====== Data segment

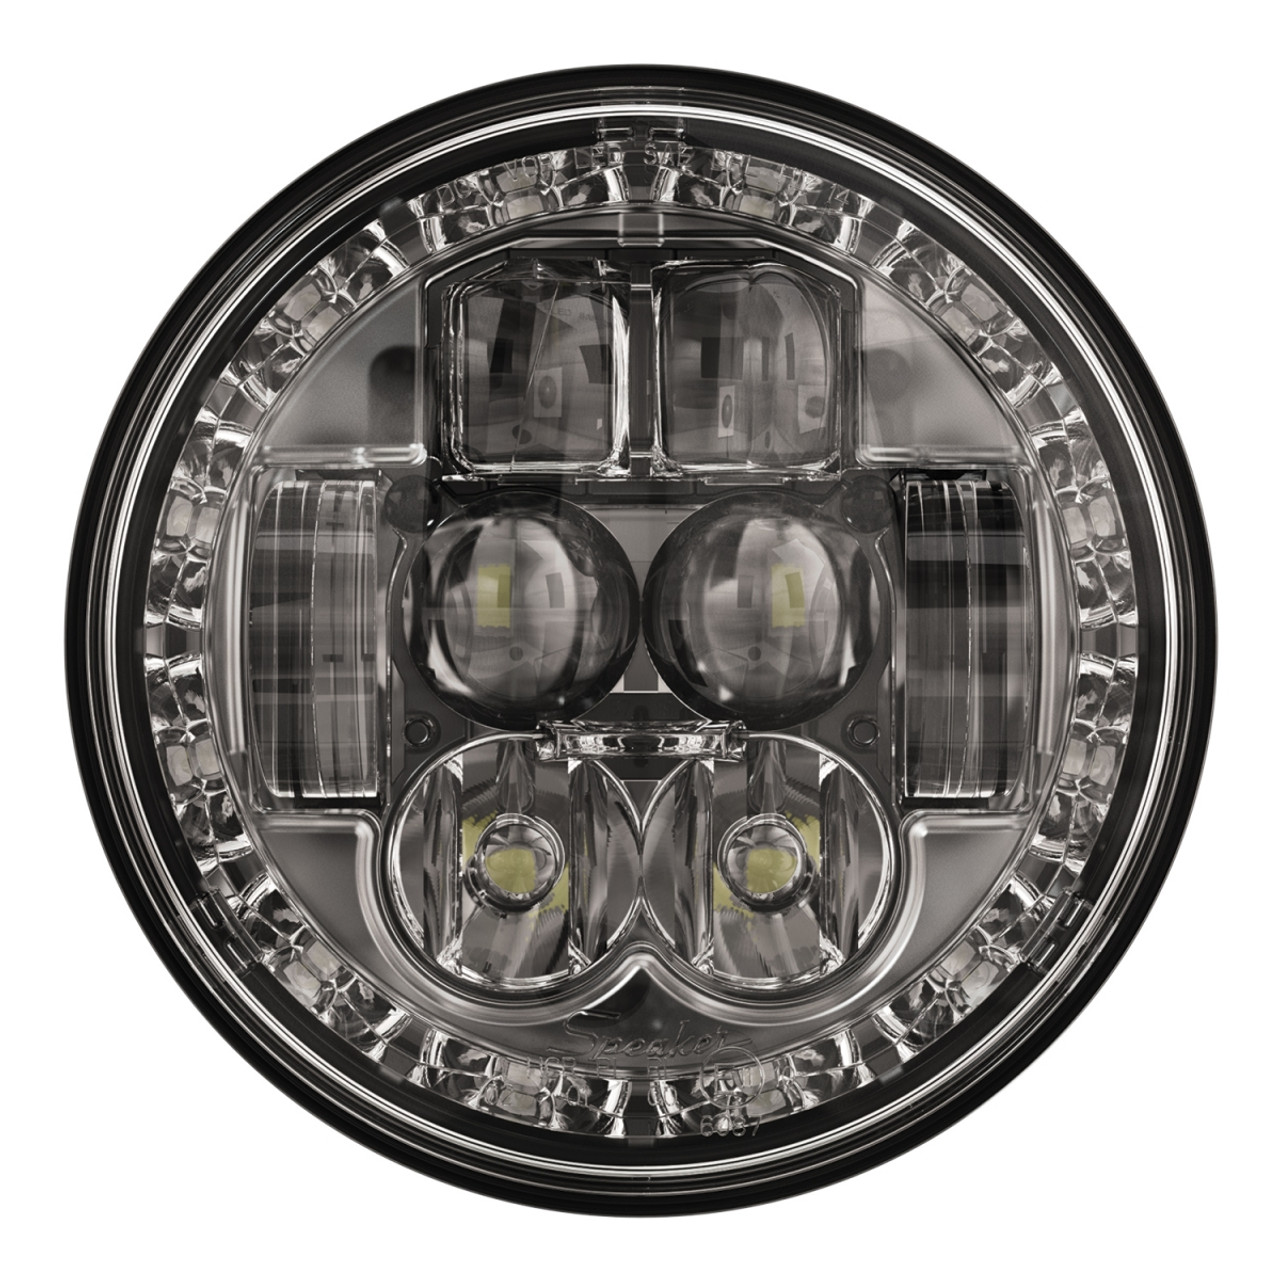 J.W. Speaker 12-24V DOT LED  High & Low Beam Headlight - Model 8630 Evolution
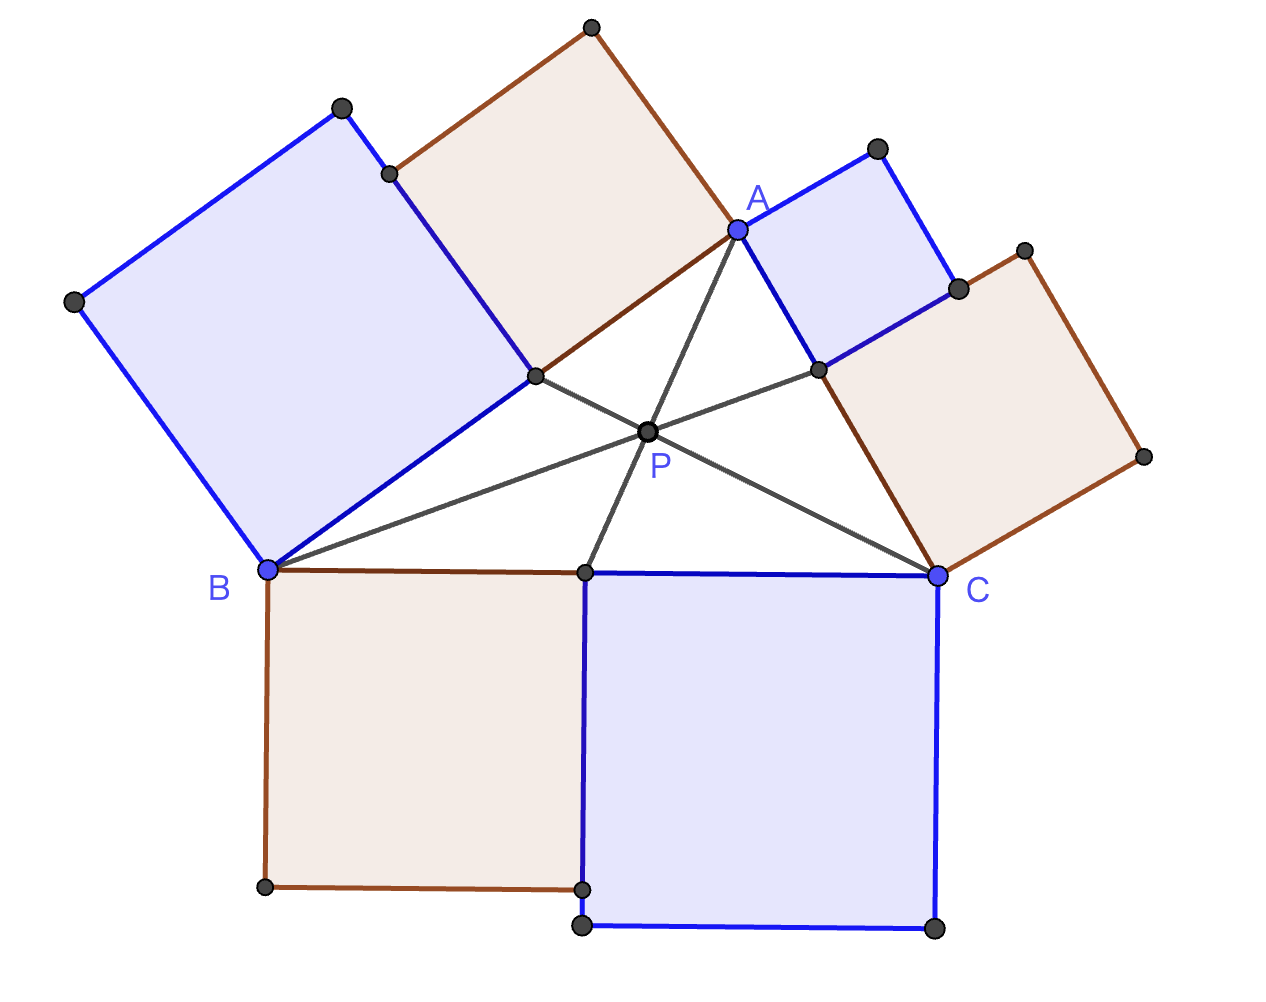 点Pは三角形の内部の点
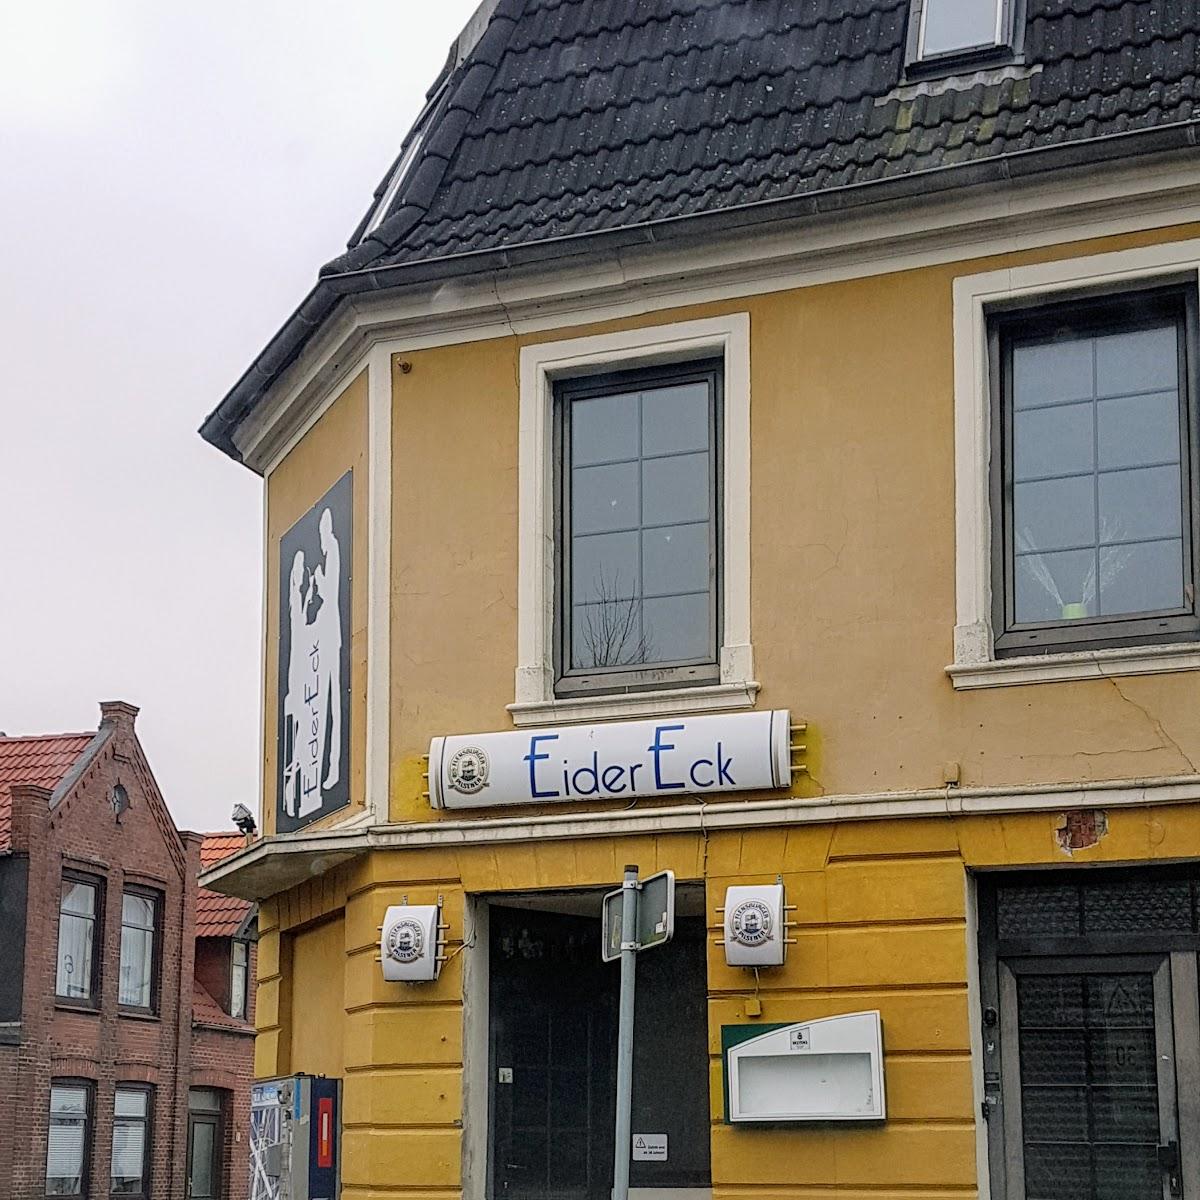 Restaurant "EiderEck" in Tönning

============

Please print everything in the material exactly, apart from the pictures.

- Exercise answer -
 J.W. Speaker 12-24V DOT LED  High & Low Beam Headlight - Model 8630 Evolution
 点Pは三角形の内部の点
 Restaurant "EiderEck" in Tönning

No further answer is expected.